Reference implementation for the post Polynomial autoencoder: a closed-form autoencoder with linear encoder (top-d PCA) and quadratic decoder (degree-2 polynomial lift over the PCA latent plus Ridge OLS). No SGD, no epochs; both encoder and decoder are closed-form.
encoder: p = (V - V̄) @ Q # linear, via PCA
decoder: V̂ = polynomial_lift(p) @ W # quadratic, via Ridge OLS
residual: V_resid = V - V̂
The construction is what the model-reduction literature calls a quadratic manifold (see the post for the lineage and prior work). This repo applies it to neural-network embeddings and benchmarks it on BEIR retrieval.

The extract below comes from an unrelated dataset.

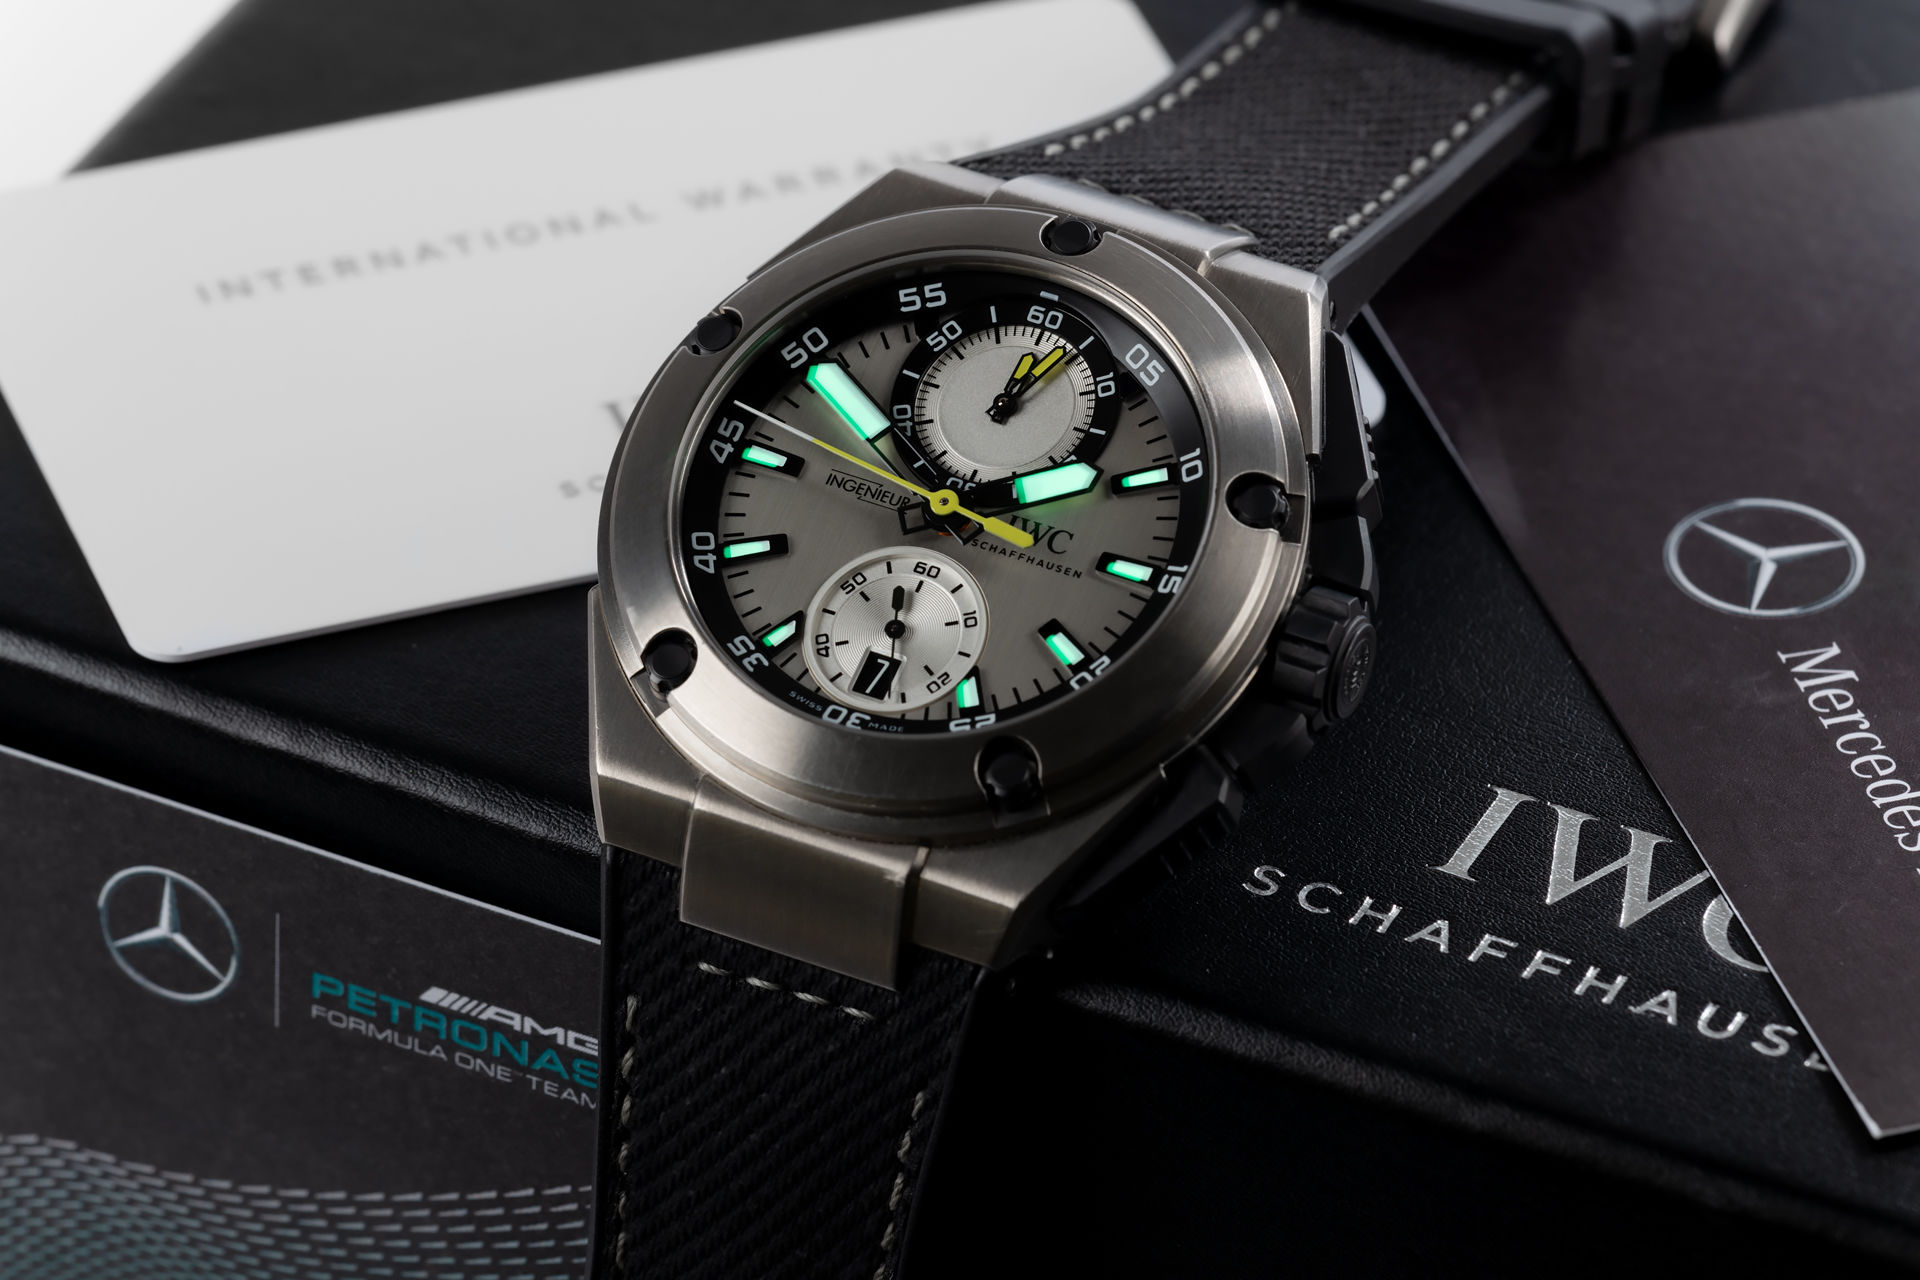 ref IW379603 | One of 250 'Limited Edition' | IWC Ingenieur

git clone https://github.com/IvanPleshkov/poly-autoencoder.git
cd poly-autoencoder
python -m venv .venv && source .venv/bin/activate
pip install -r requirements.txt
# Reproduce one row of the post's headline table:
python beir_eval.py --model nomic-embed-text-v1.5 --dataset fiqa --d 128,256The first run downloads the model and the BEIR dataset, encodes the
corpus (5–15 min on M-series MacBook depending on the model), and over
the next 5–20 minutes prints a table with NDCG@10 and Recall@10 for all
four methods (raw / matryoshka / PCA / poly-AE). Subsequent runs reuse
the corpus encoding from cache/.
| Name in CLI | HuggingFace | D | Matryoshka |
|---|---|---|---|
nomic-embed-text-v1.5 |
nomic-ai/nomic-embed-text-v1.5 |
768 | yes |
mxbai-embed-large-v1 |
mixedbread-ai/mxbai-embed-large-v1 |
1024 | yes |
bge-base-en-v1.5 |
BAAI/bge-base-en-v1.5 |
768 | no |
e5-base-v2 |
intfloat/e5-base-v2 |
768 | no |
bge-large-en-v1.5 |
BAAI/bge-large-en-v1.5 |
1024 | no |
bge-m3 |
BAAI/bge-m3 |
1024 | no |
arctic-embed-m-v2.0 |
Snowflake/snowflake-arctic-embed-m-v2.0 |
768 | yes¹ |
The first four are what the post benchmarks. bge-large-en-v1.5 and
bge-m3 are kept for users who want to try more models.
¹ arctic-embed-m-v2.0 requires xformers for its custom RoPE code.
On Apple Silicon (no xformers wheel) the load fails or produces
uninitialized indexing in the rope path. Use a CUDA box if you want to
benchmark this one; otherwise stick to the others.
| Name in CLI | Description | Corpus | Queries |
|---|---|---|---|
scifact |
Scientific claim verification | 5,183 | 300 |
nfcorpus |
Medical document retrieval | 3,633 | 323 |
arguana |
Argument retrieval | 8,674 | 1,406 |
fiqa |
Financial Q&A | 57,638 | 648 |
trec-covid |
COVID-19 literature retrieval | 171,332 | 50 |
The post primarily uses FiQA. SciFact appears in §7 of the post as a small-corpus contrast that demonstrates the in-sample-magic overfitting failure mode.
V (N × D)
│ ENCODER (closed-form, PCA on the corpus)
├─► fit_pca → (mean, Q (D×d), eigvals)
└─► project → P (N × d), ‖p‖ ≤ 0.9 (per-axis std=1)
P (N × d)
│ DECODER (closed-form, Ridge OLS)
├─► polynomial_lift → L (N × M), M = 1 + d + d(d+1)/2
└─► ridge solve → W (M × D)
reconstruction: V̂ = L @ W
residual: V_resid = V − V̂
The dominant cost per d is the Ridge fit: O(N·M²) for the Gram
matrix plus O(M³) for np.linalg.solve. At d=128 (M=8385) on 57K
vectors this runs in seconds; at d=256 (M=33153) it takes 5–15
minutes on CPU.
poly_pca.py— core primitives:fit_pca,project,polynomial_lift,lift_dim,fit_ridge. ~100 LOC.beir_eval.py— BEIR retrieval evaluation: downloads a BEIR dataset, encodes corpus and queries with a chosen model, fits PCA + Ridge transductively on the corpus, and computes NDCG@10 / Recall@10 for all four methods.
MIT — copy, fork, or run on your own embeddings.